If you already own a property a remortgage is possible. For people who’s term is ending or their financial situation has changed or about to change, it may be prudent to consider shifting the existing mortgage to a new lender, on better terms. Shifting to a new mortgage rate can reduce your monthly payments. A remortgage can be a great way to obtain funds for:

Home extensions

Deposit for a buy-to-let purchase

Helping family onto the property ladder

Landlords expanding their property portfolio

Another reason

Free valuation, Free legal fees or Cashback towards your fees is available on many remortgage products.


Buy-to-let

We support existing landlords and clients considering buying their first rental property. Buy-to-let mortgages require clients to provide a bigger deposit towards their property purchase. The mininum deposit is typically 15% to 20% of the purchase price. The larger your deposit the lower your interest rate and the lower the fees attached to the mortgage product.

There are tax considerations landlords must explore prior to buying a rental property. This can be particularly important for clients in the higher income tax bracket. In addition to income tax on rental income, you must consider stamp tax on your initial purchase. Buy to let purchases are most likely to be a second property, so the stamp tax is typically 3% of the purchase price. The exact percentage will depend on purchase price and which tax bracket is applied. We don’t provide tax advice and we recommend if clients have any tax related concerns they should obtain tax advice from a qualified professional.


Right-to-buy

With right-to-buy purchases, clients can use their discounted equity value from the housing association as their deposit. In many scenarios, with right to buy purchases, clients are not required to provide any of their own cash deposit, towards buying their property.


Broker fees

Initial mortgage reviews are free. We DO NOT charge fees for providing life insurance and home insurance advice. We are paid commission by the product providers.


What documents are required?

We support the Proceeds of Crime Act and all efforts to eliminate Money Laundering. As Part of this, we need to verify the identity of all our clients. We ask that you provide some original documents containing your name and your address. You must provide at least:

One proof of identity document – e.g. Passport or Driving Licence

One proof of address document – e.g. utility bill from last 3 months


To support your mortgage application

Last 3 months consecutive bank statements

3 months wage slips or 13 weeks

1, 2 or 3 years accounts if self employed

A Copy of your credit file

Self-employed- last 1, 2 or 3 years SA302’s, TYO’s

Current mortgage statement

State benefits – evidence of any state benefits (letter dated within the last 12 months for each benefit)

Pension income – if lending into retirement

Gift of deposit letter

Your current assurance/insurance provisions. If you have home insurance or a life policy a copy of the policy documents showing what cover you currently have


Source of deposit

We will have to identify the source of your deposit. (E.g. if from your own savings then your last 12 months bank statements). It maybe equity in your current property, in this case no proof is required.

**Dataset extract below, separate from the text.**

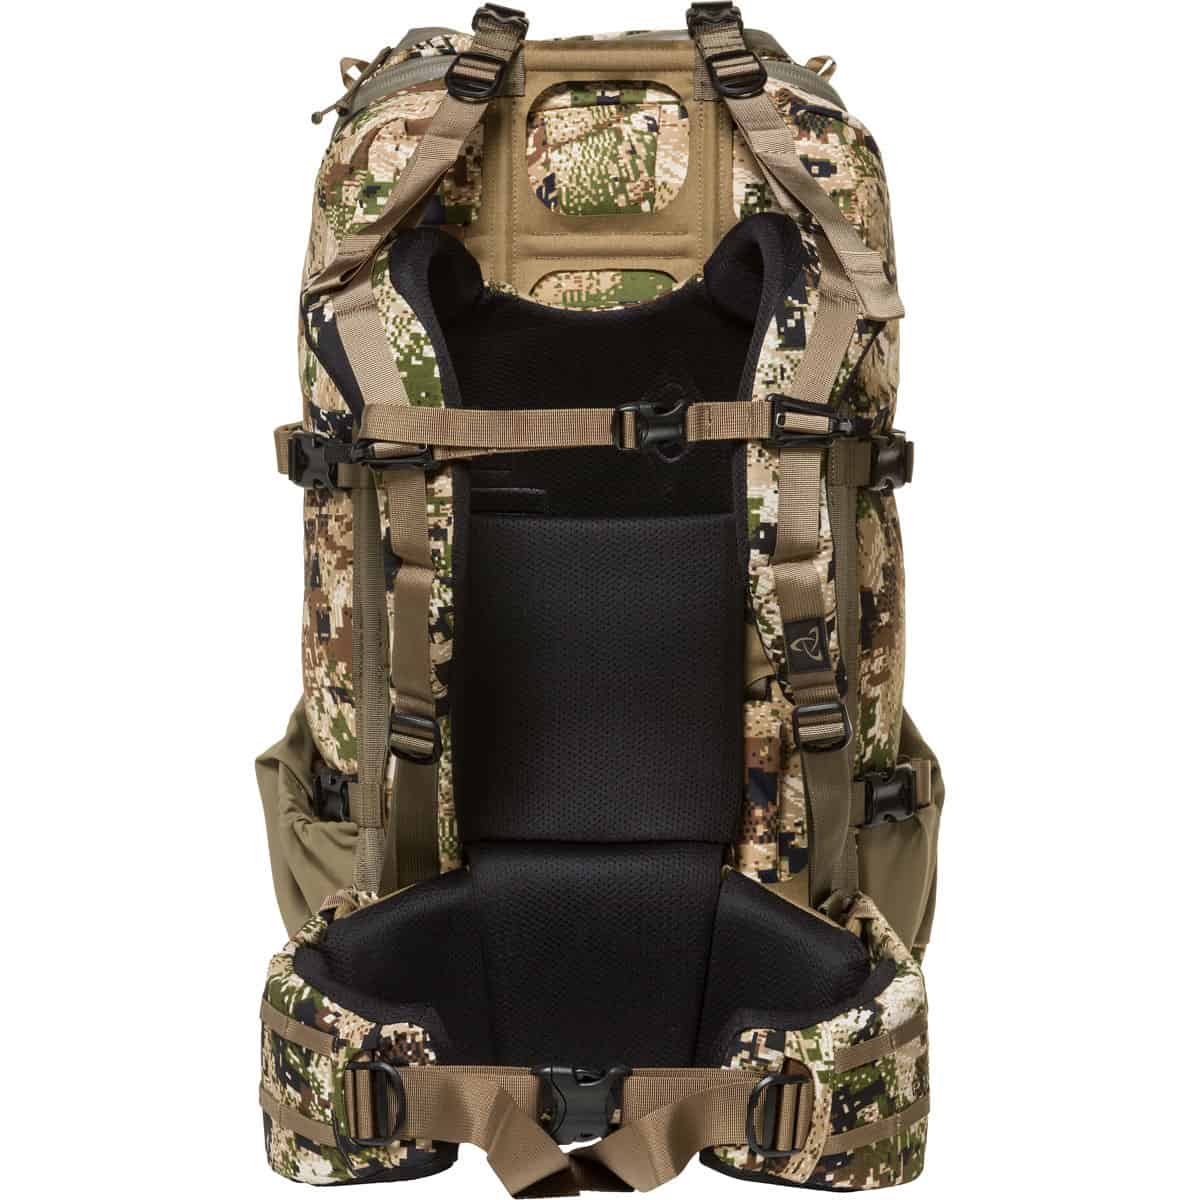 888564186343 110889 Mystery Ranch Sawtooth 45 Small Hunting Backpack optifade subalpine Back

In cases were the deposit is a gifted deposit from your family, we would require a gifted deposit letter from the donor. We will provide you with a template if necessary to support your application.


Credit file

With the increase in identity theft we strongly recommend you obtain a copy of your own credit report. This is to ensure your application is not delayed by uncovering surprises later in the process. It also means that any issues uncovered can be addressed, as it does not mean your application is automatically declined – indeed many lenders have provisions for this type of business. Check the initial and ongoing fees that agencies charge as they can vary. The main agencies to approach are Experian, Equifax, Callcredit, Clearscore.


You don’t have all supporting documents

If you do not have all supporting documents in time for your first appointment, This can be discussed with your financial advisor. The advisor is still able to provide advice without all supporting documents, however any outstanding documents will be required prior to submitting your full mortgage application.